“還得重操舊業,回家整活兒去”
“這方府小門小戶的,竟然還包請戲子到府里唱戲,正經事未做兩件,倒是先把日子享受起來了。”
方府臨旁有鄰居,內場的官邸一般都距離比較遠,但是進出間別人還是可以看得到的。
兩名官眷相攜著似是要出門去,從大門出來正欲要上軟轎,遠遠便瞧著幾個戲子小心跟在方家小廝身后進了宅子。

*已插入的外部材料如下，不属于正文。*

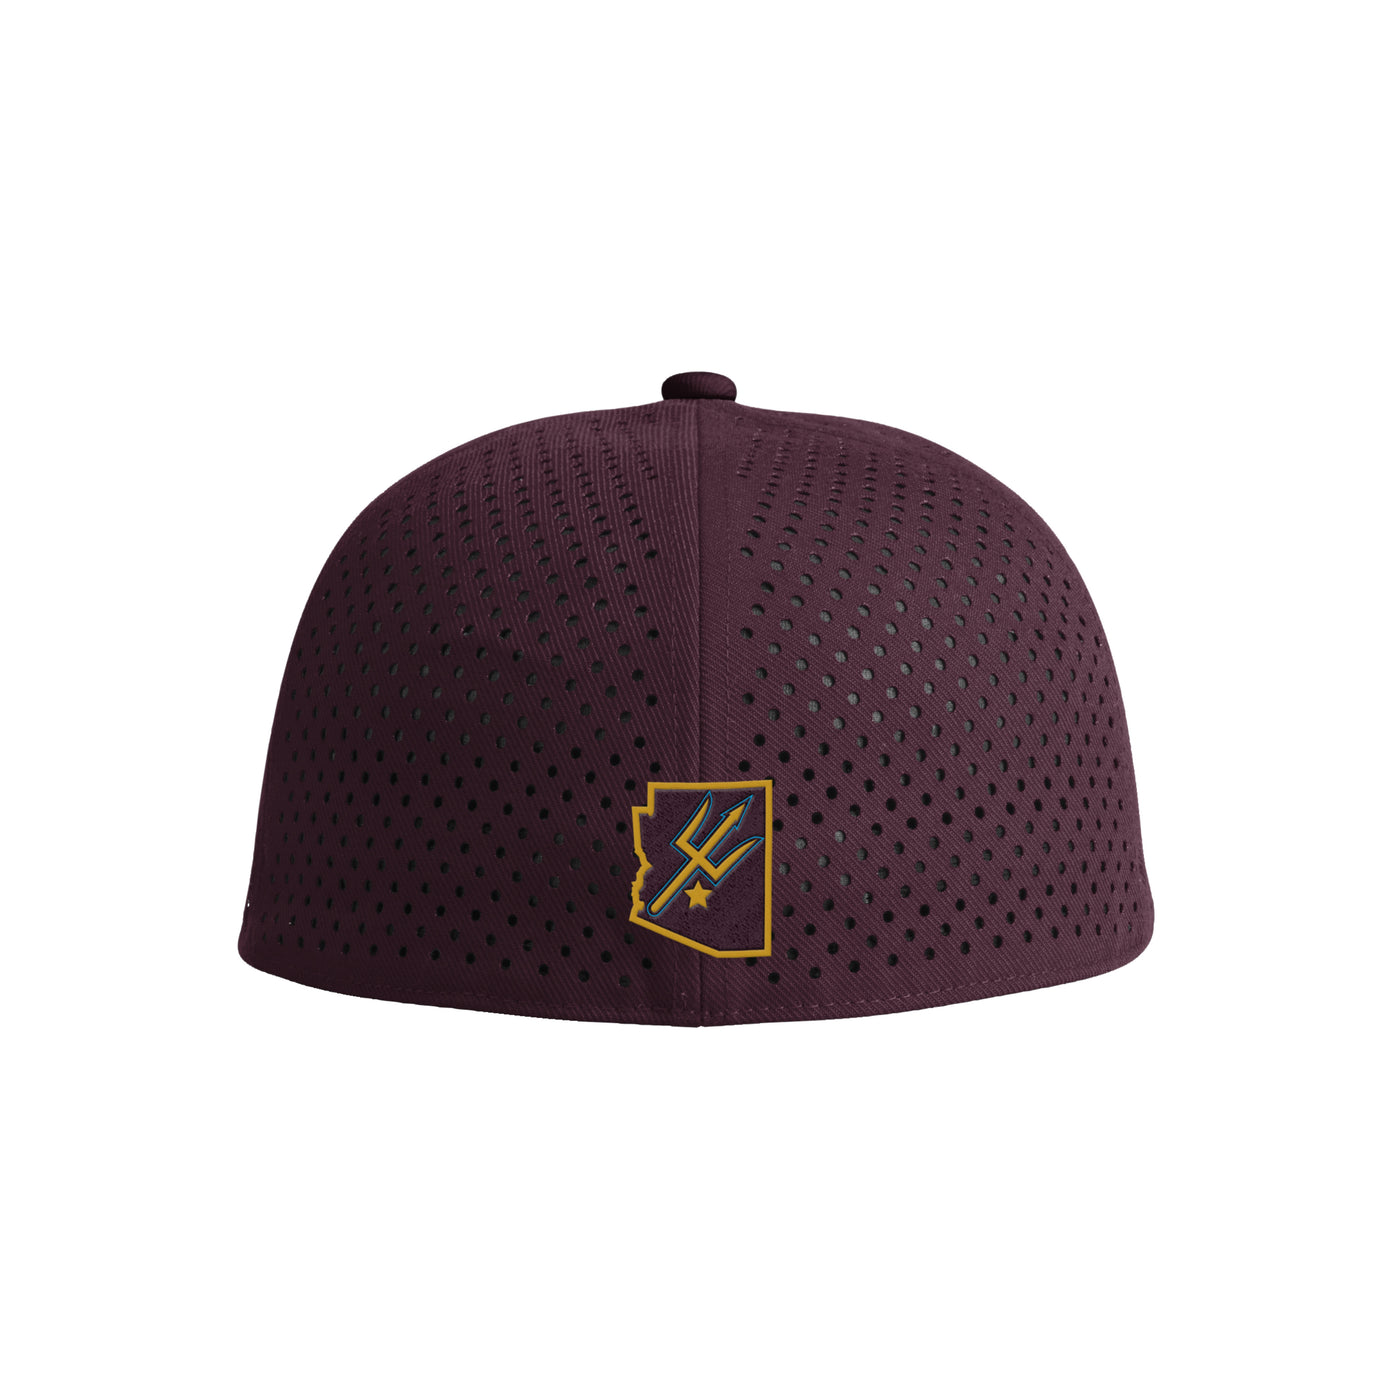 Back of maroon ASU hat with performance ventilation detailing and the outline of the state of Arizona at the bottom
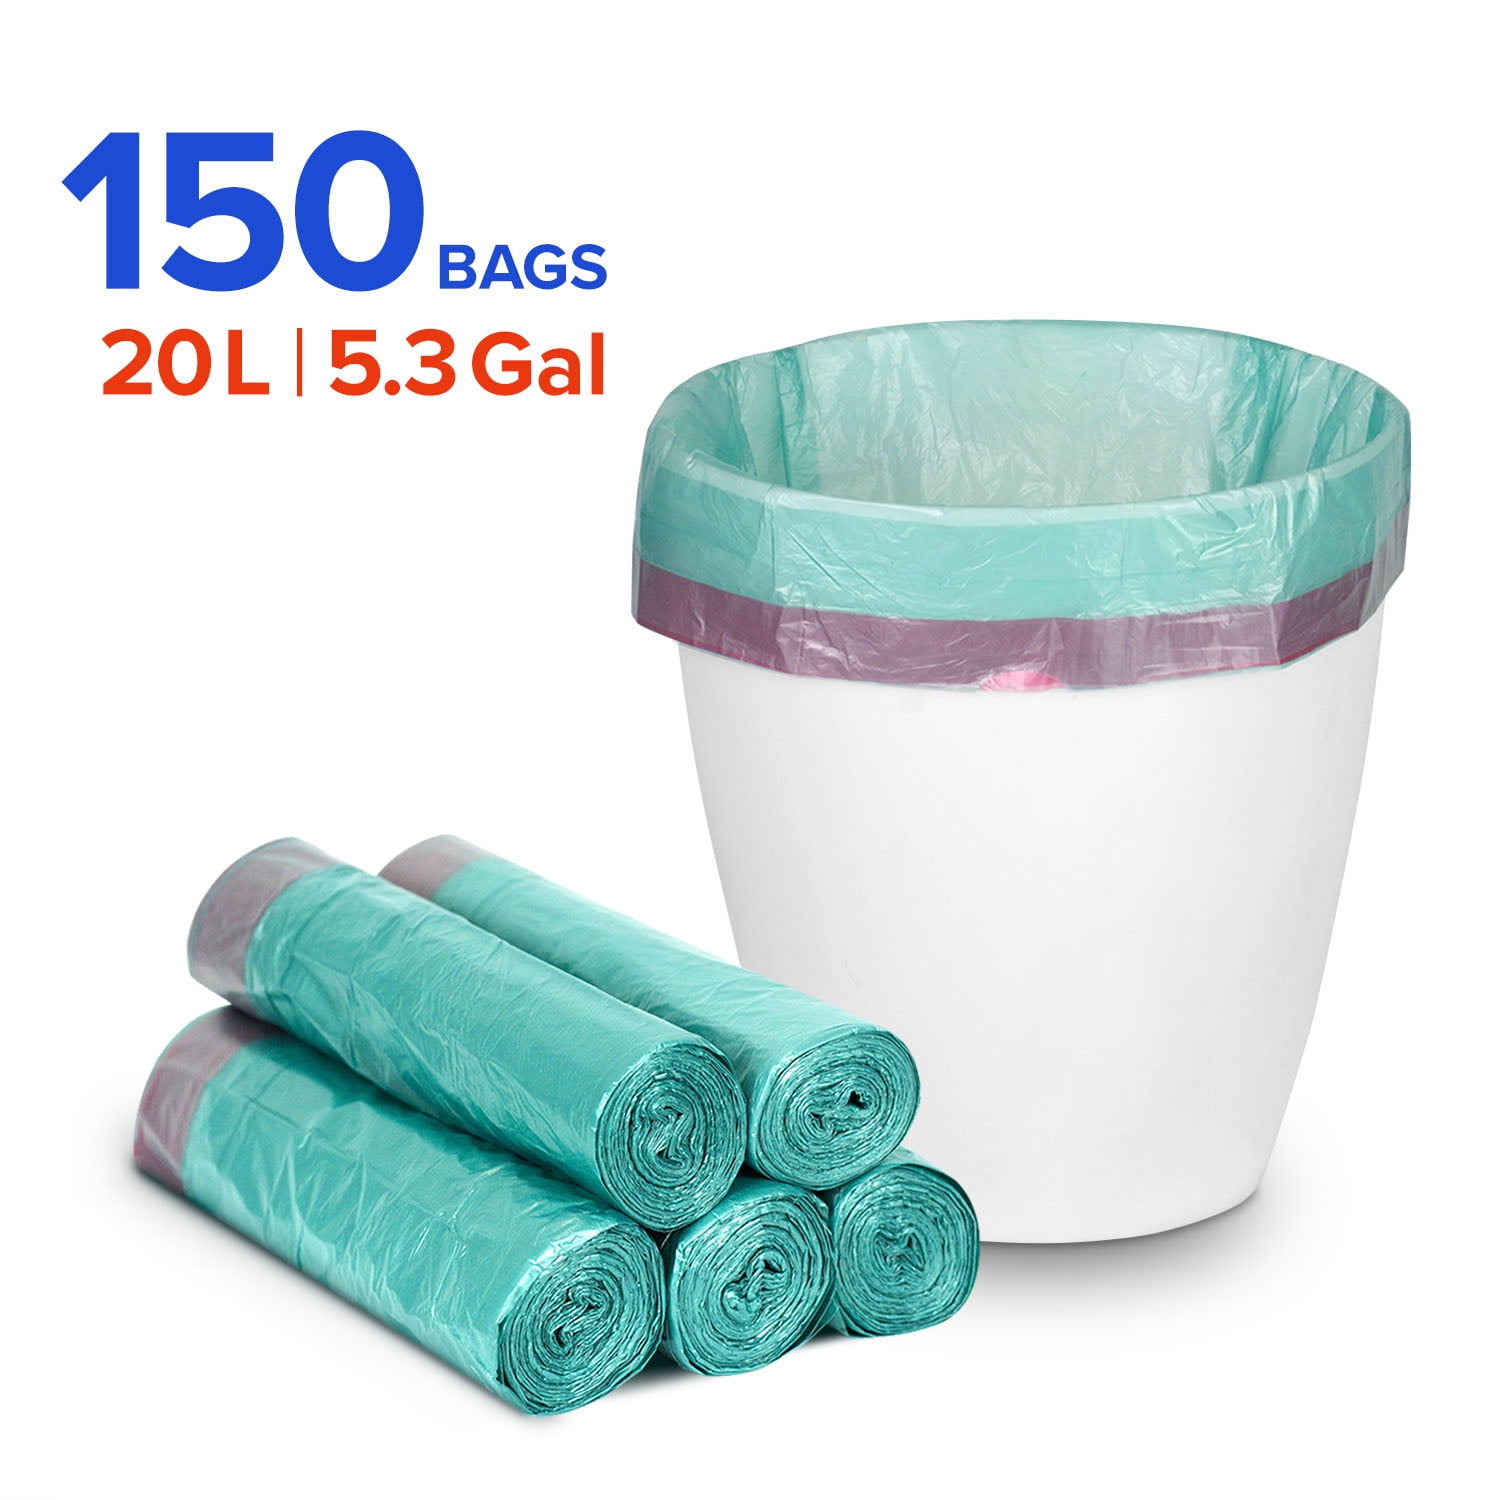 LSP 75PCS 20 Liter Trash Bags Durable Disposable Green Perforated

京城里達官貴人包戲子是司空見慣的事,但這包也分兩種,一則便是喊來到家里唱戲,是很正經的營生,另一個便是選取貌美的戲子養著,整日尋歡作樂,這一點自然是不受大眾認可的。
朝中就有官員因為不正經的包戲子被參私德不休。
但是兩個官眷見著這些日子進出方府的戲子老少有之,實在不像后者那個包,自然也不會告知自家大人去把新科進士參一本,到時候被人反參誣告,反而惹禍上身。
“前陣子搬來這頭的時候進士夫郎還殷勤的往我們府邸里送東西來,一個七品小官兒心思還不少,又是商戶出身的小哥兒,也不自行掂量幾斤幾兩,以為丈夫金榜題名他也就有了身份,底子總歸是那底子。”
“姐姐沒有要禮嗎”
“自是沒有要的,我一兌兒全部退了回去。”
旁邊的小哥兒未置一詞,只輕淺而笑,又長看了一眼方府,兩人才一道上了轎子。
方俞寫好了廣告場景和廣告詞,剩下的都交給了雪竹去辦,先前在云城的廣告做的還挺好的,只不過后頭諸多忙碌,而且云城人口相對于來說不算多,做了幾回廣告之后他就沒有再費心思繼續做下去了。
雖然排的廣告不算多,但是雪竹對于流程已經輕車熟路,而且京城的戲樓子云集,競爭力特別大,這些樓里的戲子基本功都比小地方的扎實,素質也高,有活兒過來都十分熱情,效率又高,根本不用雪竹催促,自行加班加點的排戲。
人請來不過日,雪竹就帶著人給方俞和喬鶴枝看了成效,方俞很滿意,當即就定下了。
廣告排好以后,方俞此次改變了策略,并不打算在沁宜茶樓里演,本來茶樓就沒有多少客人,現在演給伙計看嗎時下最要緊的是宣傳引客,方俞已經做好了市場調查,城里最熱鬧客人最多的便是戲樓子,大酒樓以及青樓。
這些地方云集了三教九流,是人口流量最大的地方,打廣告再合適不過了。
剔除開青樓,他尋了百事通收集了內外城生意最好最熱鬧的店,準備挨家挨戶的投放廣告。
但是要想這些地方都接手廣告也是一件困難的事兒,于是方俞這陣子私下安排了生人馬不停蹄的約見了十數個管事有上道的,覺得廣告新穎也能討客人一個趣味,答應合作的。
有商戶狡猾嘴臉的,沒有利益不答應干,談好了滿意的價錢才做,但是花錢能拿下的也還容易,只是價格高低而已,自然,方俞為了成本考慮超出預期的也不會細談。但這是個全新的市場,先前也沒有價格對比,大抵都是被方俞牽著鼻子走,都能談到自己預想的價格。
方俞手底下的人一連拿下了十二個地方的廣告位,但是外城最熱鬧的明空樓談不下來,此處是京城最大的藝館,頗有些像京都里的樂坊司,云集藝人,盡數是琴棋書畫樣樣精通的,不少沒落犯事兒的管家子女便會落在此處,大受男子追捧。
他手底下的人前去交涉的時候老板便拒絕了,明空樓收入不菲,壓根看不上他的那一點毛頭小利。